The principal arguments of relator are that, unless there is a false statement upon the label, a package is not misbranded, and the legislature has no power to declare it so; “that appellee’s business cannot be outlawed because the legislature has defined misbranding to be something that is not misbranding.” A number of decisions are cited to the effect that it cannot “make that a party wall which is not a party wall,” nor a child born out of lawful wedlock into “a lawfully begotten” one, nor make that a lottery which is not a lottery. We agree in the main with this contention, and also with relator’s contention that statutes enacted in the exercise of the police power must have relation to a proper public purpose, and must not arbitrarily invade rights guaranteed by the constitution. Has the legislature power to declare a package so marked “misbranded” ? It is an elementary principle of statutory interpretation that, where the legislature expressly states [137]*137the meaning which is to be given to a term used in an act, it is the duty of the courts to give it such meaning, and thus carry out the evident intent and purpose of the legislature.

The enforcement of some of the most important provisions of the pure food act depends upon the definition given in the act to many of the words used therein. Unless the words “person,”' “drug,” “adulteration,” “misbranded,” “blend,” and other words therein defined are interpreted to mean that which the legislature declares, the force of the act is practically nullified. Several of these words as used in the act contain ideas not quite within their ordinary meaning. Take the word “drug” as an instance. Many substances may be embraced within the statutory definition which are not ordinarily termed drugs. Also in the statutory definition of “adulteration” a drug is deemed to be adulterated “if its strength or purity fall below the professed standard or quality under which it is sold” (Rev. St. sec. 2536, subd. II), even though no other substances be added to it. Ice cream is deemed “adulterated” if it does not contain at least 14 per cent, butter fat, and fruit cream if it contains less than 12 per cent, butter fat; and yet pure milk varies widely in its content of butter fat, and until this act took effect ice cream in which pure milk and cream were used could not be said to be adulterated merely because its fat content fell below this standard.

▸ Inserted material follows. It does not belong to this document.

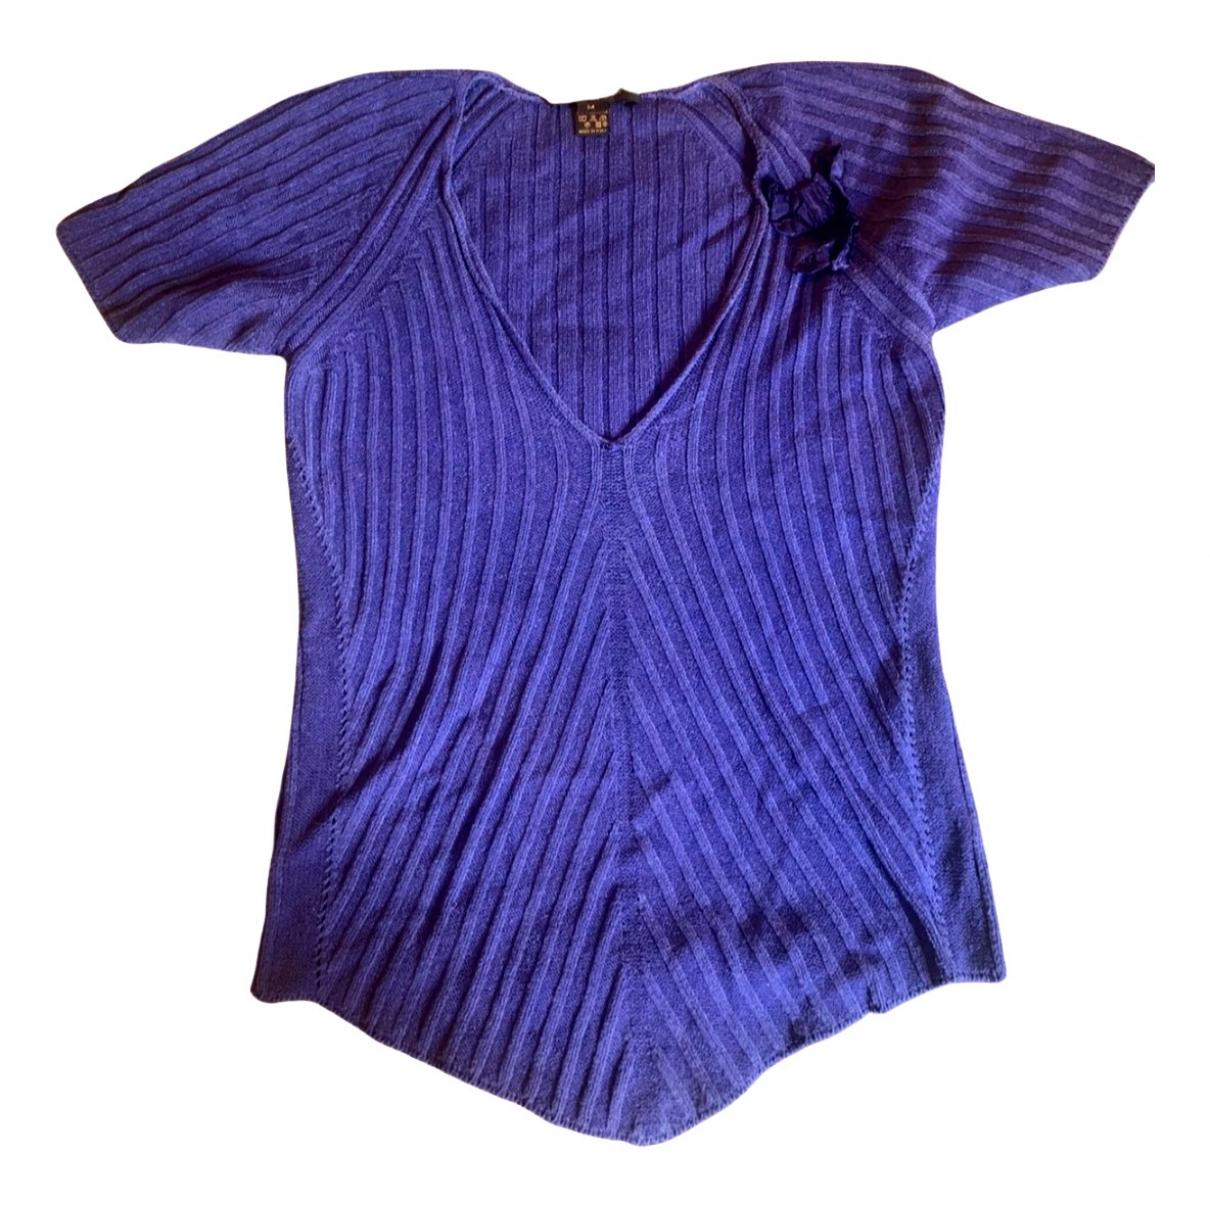 Louis Vuitton - Pull   pour femme en laine - violet

The concept which a word conveys is that which custom has accorded it. There is no reason why a legislature may not expand the definition of a word to a reasonable degree and include within the circle of its definition for the purpose of an act, ideas which are related to that concept, but not ordinarily included therein. A definition in a statute is as effective and forceful as any other part of the act. This court has so held in Herold v. State, 21 Neb. 50, speaking of a legislative definition of “fraudulent transfer of property:” “This definition is furnished by the act itself, and the definition is as much a part of the act as any other portion. The right of the legislature to prescribe [138]*138the legal definitions of its own language must be conceded.” State v. American Surety Co., 91 Neb. 22; Farmers Bank v. Hale, 59 N. Y. 62. This is the general rule. “Any provision in a statute which declares its meaning or purpose is authoritative. Whether it relates to the object of a whole act, or of a single section or of a word, it is a declaration having the force of law. It is binding on the courts, though otherwise they would have understood the language to mean something different.” 2 Sutherland (Lewis) Statutory'Construction (2d ed.) sec. 576. See, also, cases cited in note to sec. 358. “The court is sometimes obliged by the legislature to put an interpretation on a word which it does not. ordinarily bear when it has been enacted that something ‘shall he deemed’ to he something else.” Brooks v. Baker, 1 K. B. Div. (1906, Eng.) 11, 15; McElhone v. Philadelphia Quartette Club, 53 Pa. Sup. Ct. 262; Commonwealth v. Crowl, 245 Pa. St. 554; State v.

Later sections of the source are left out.